To do
Repeat the data exactly. Pictures stay out.

Data shown
■ ■ ■ ■
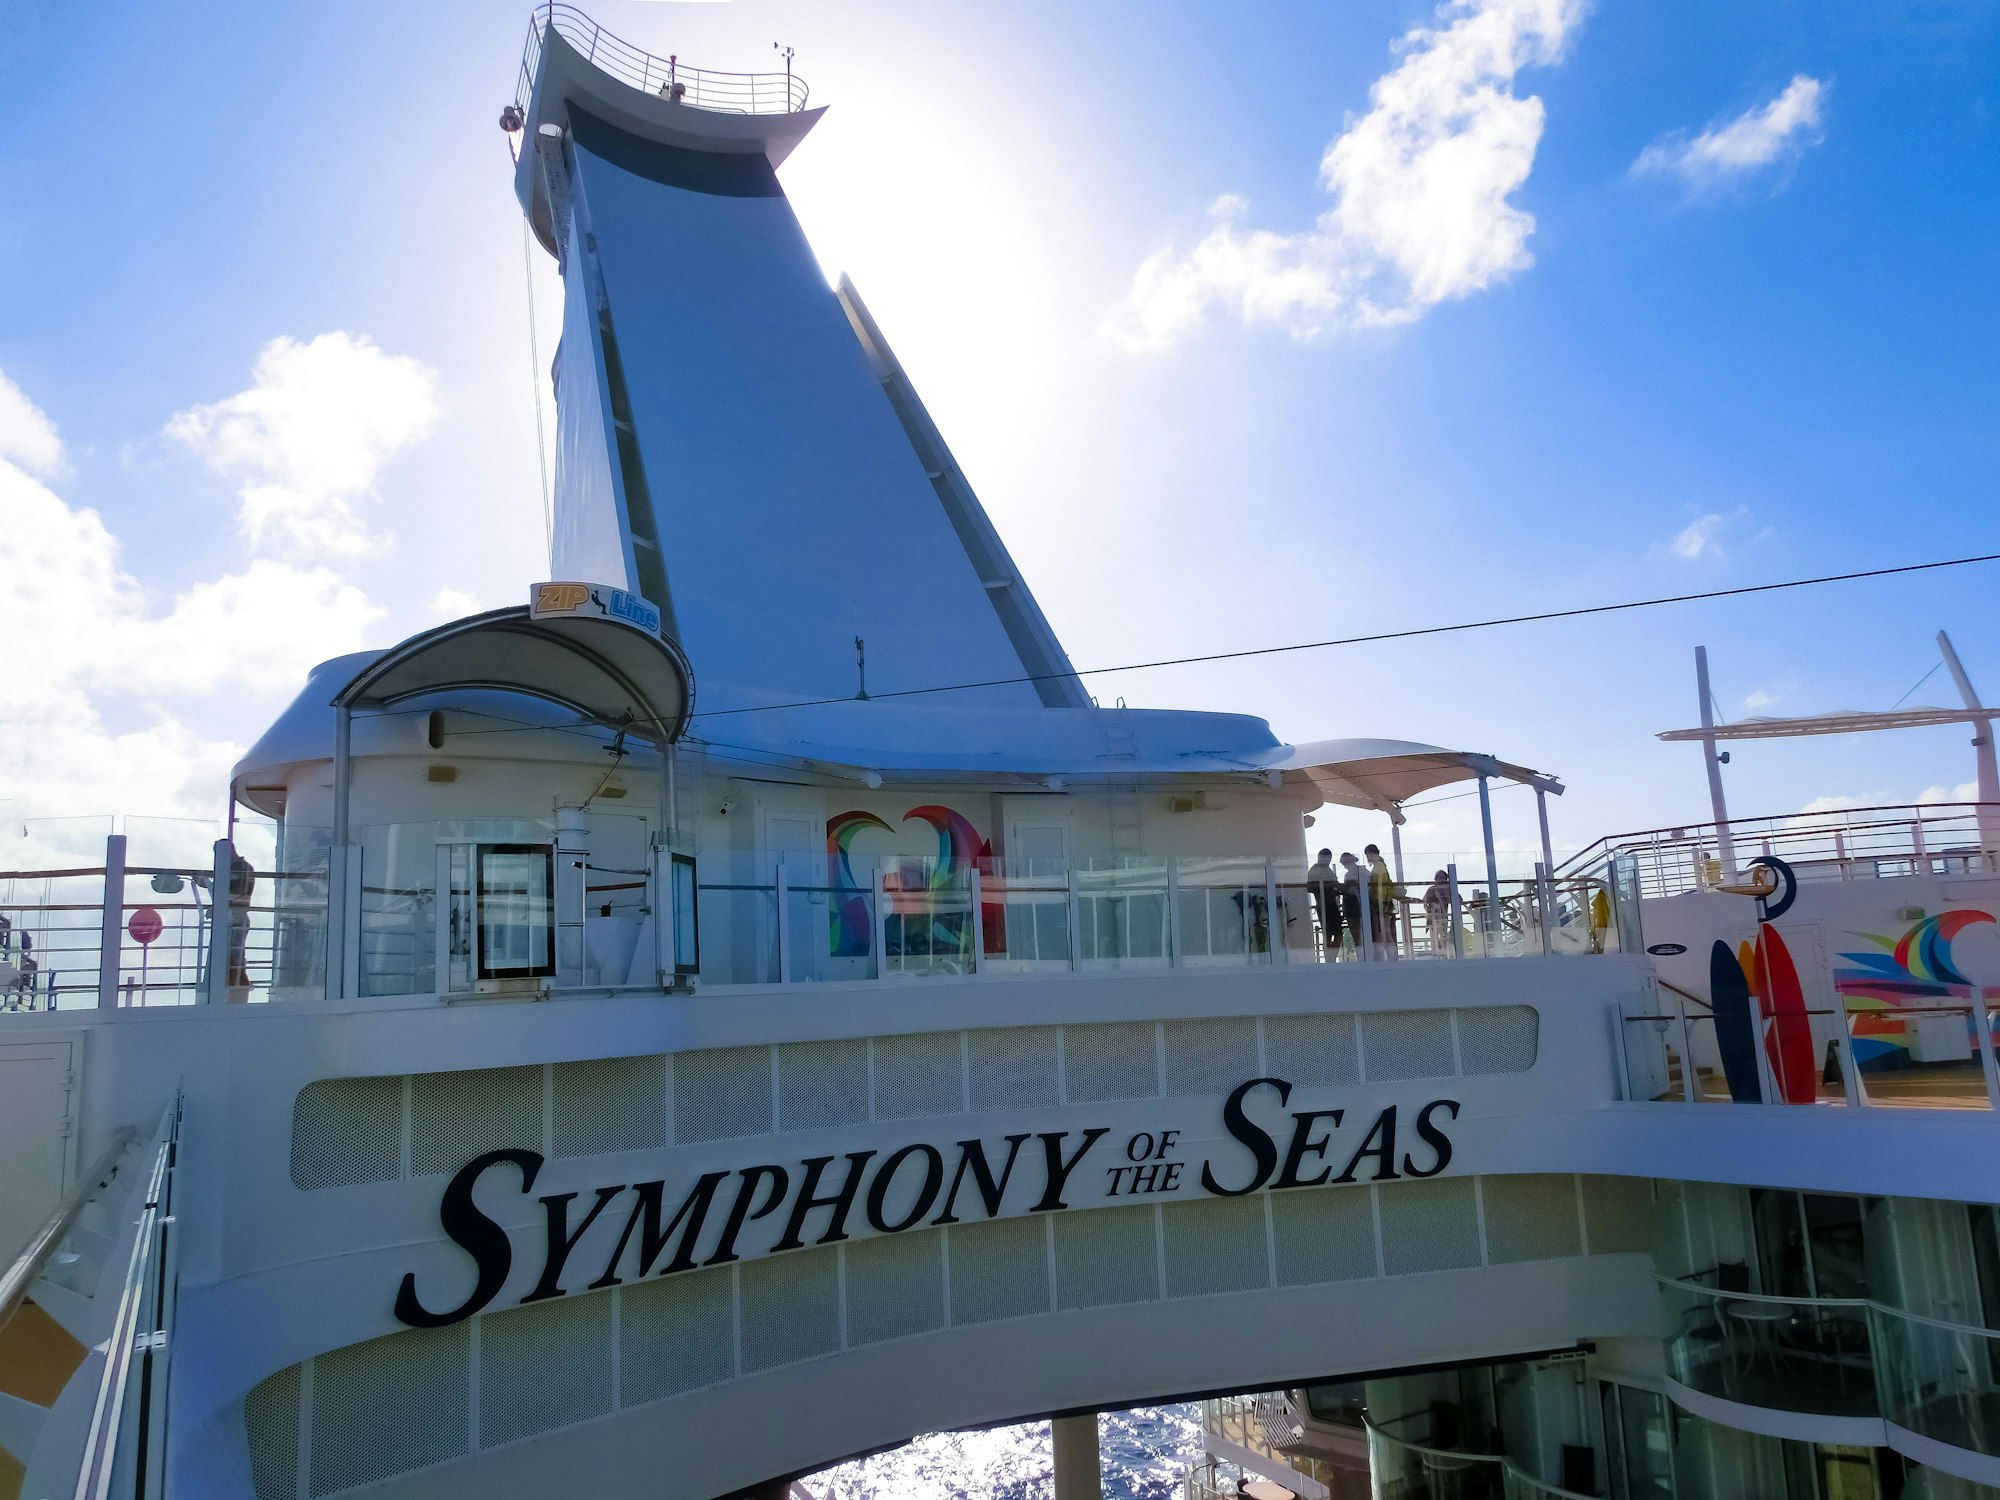 Das Deck des Schiffes„Symphony of the seas“
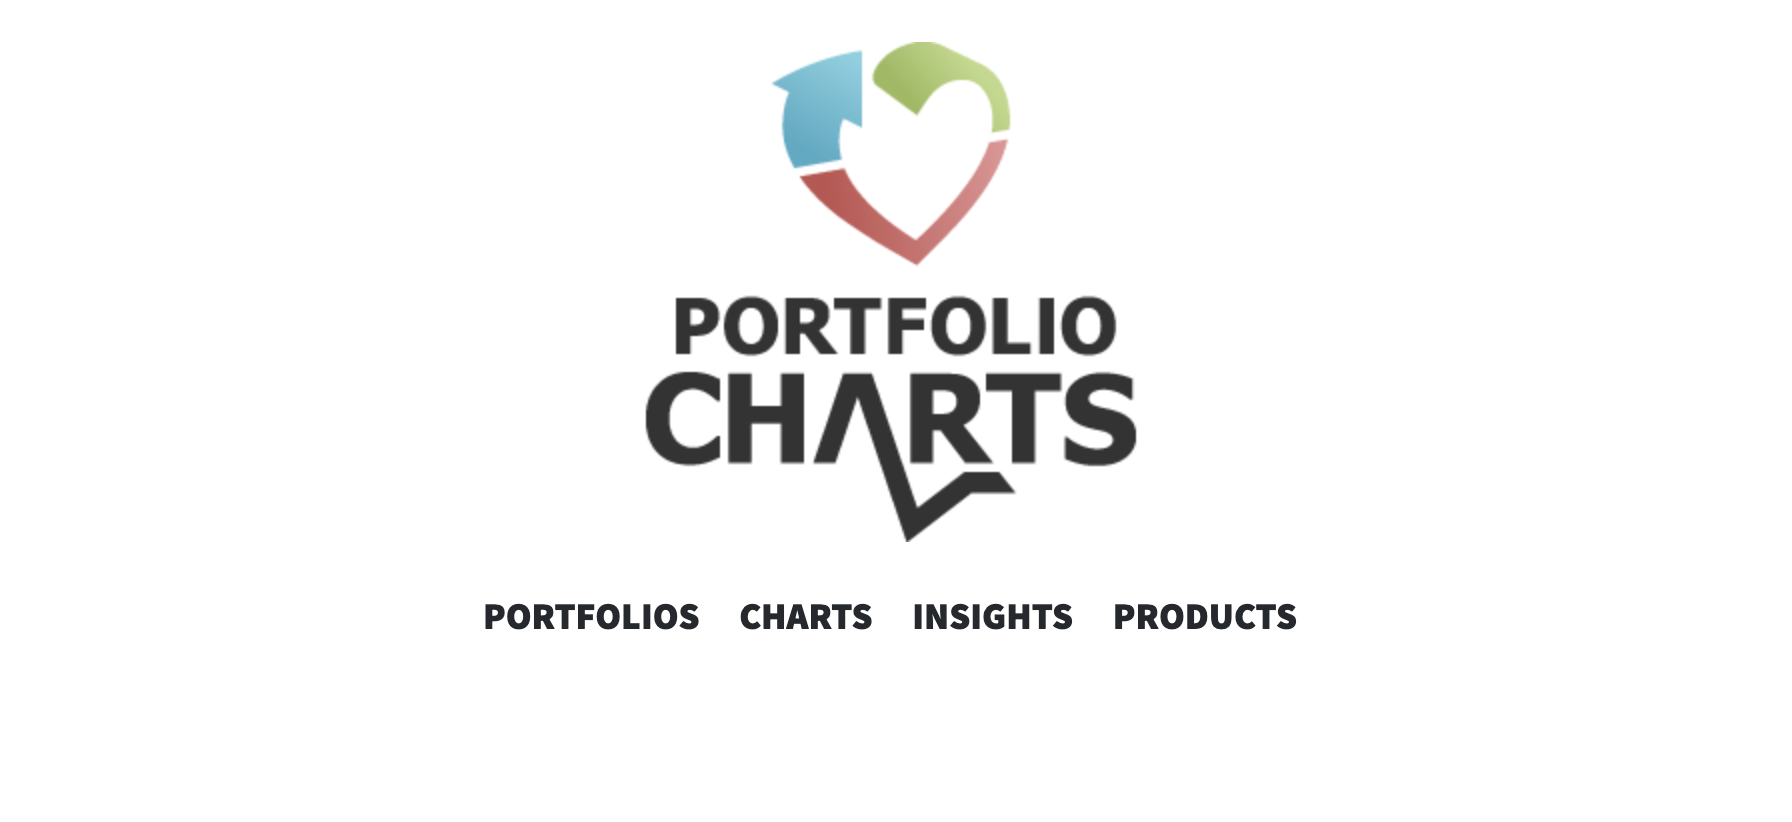 Portfolio Charts Home Page 
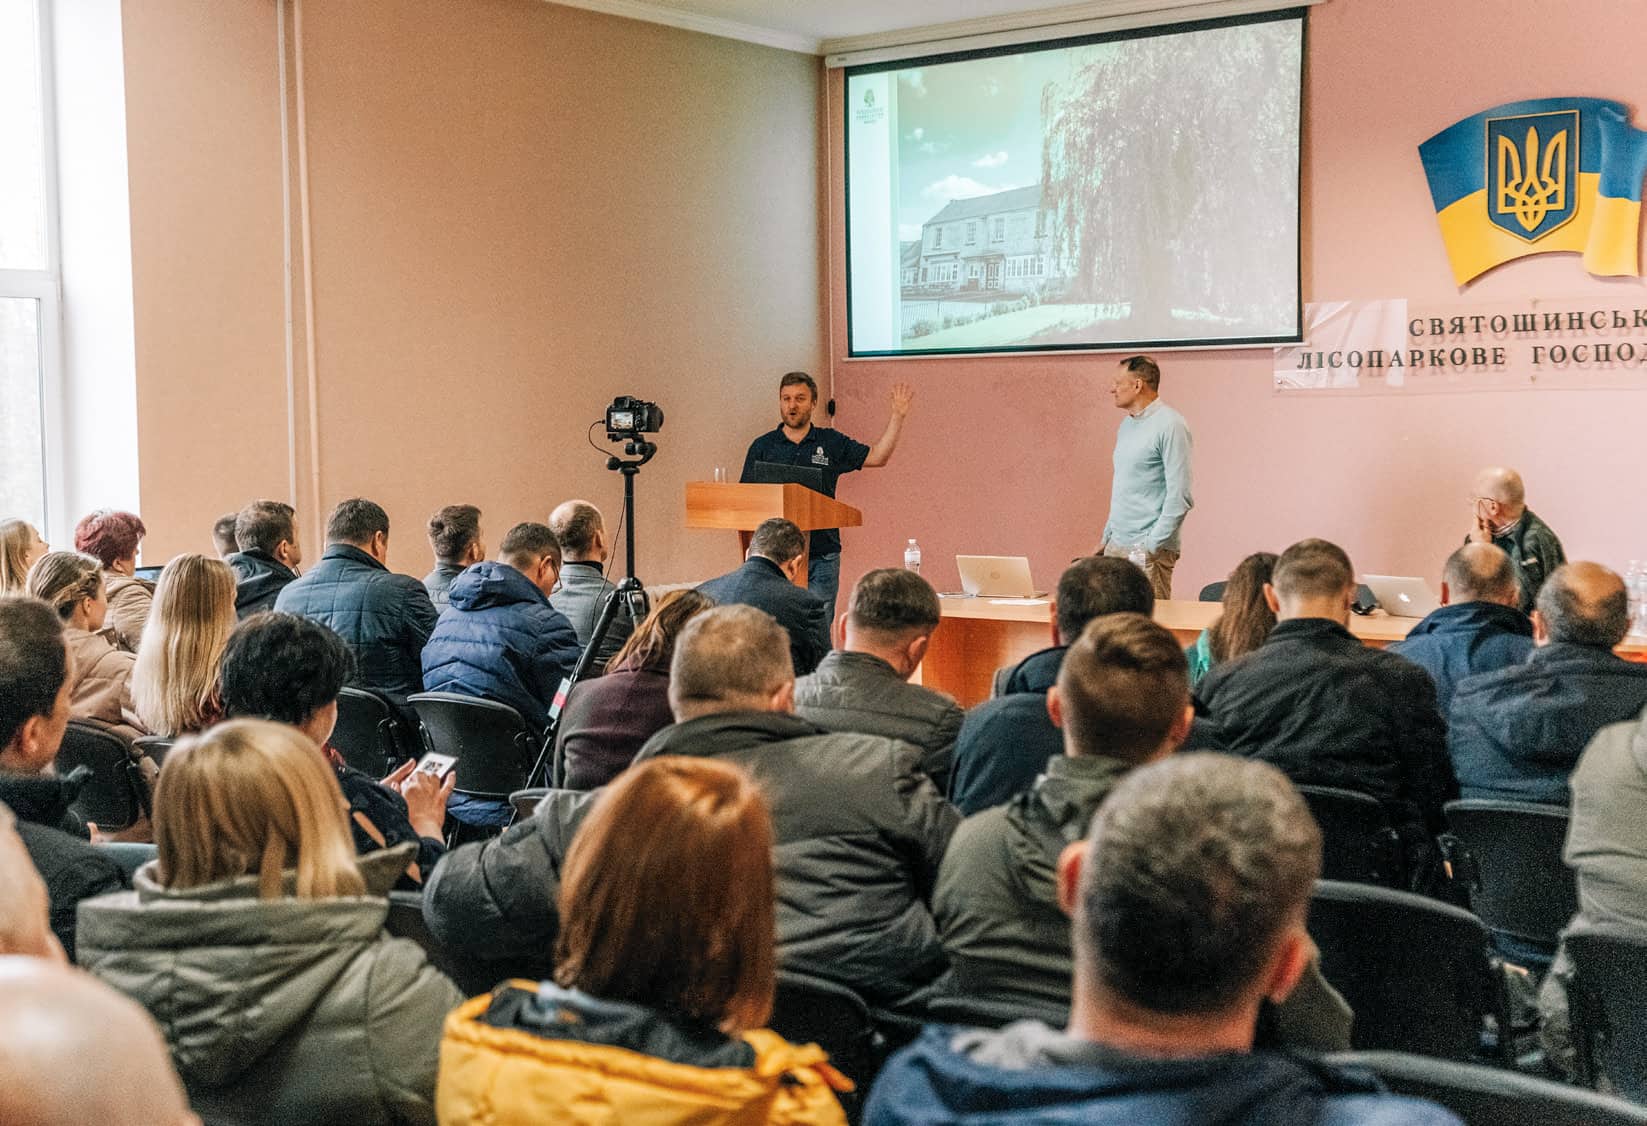 John Parker presenting in Kyiv.
■ ■ ■ ■
Result below
 Das Deck des Schiffes„Symphony of the seas“
 Portfolio Charts Home Page 
 John Parker presenting in Kyiv.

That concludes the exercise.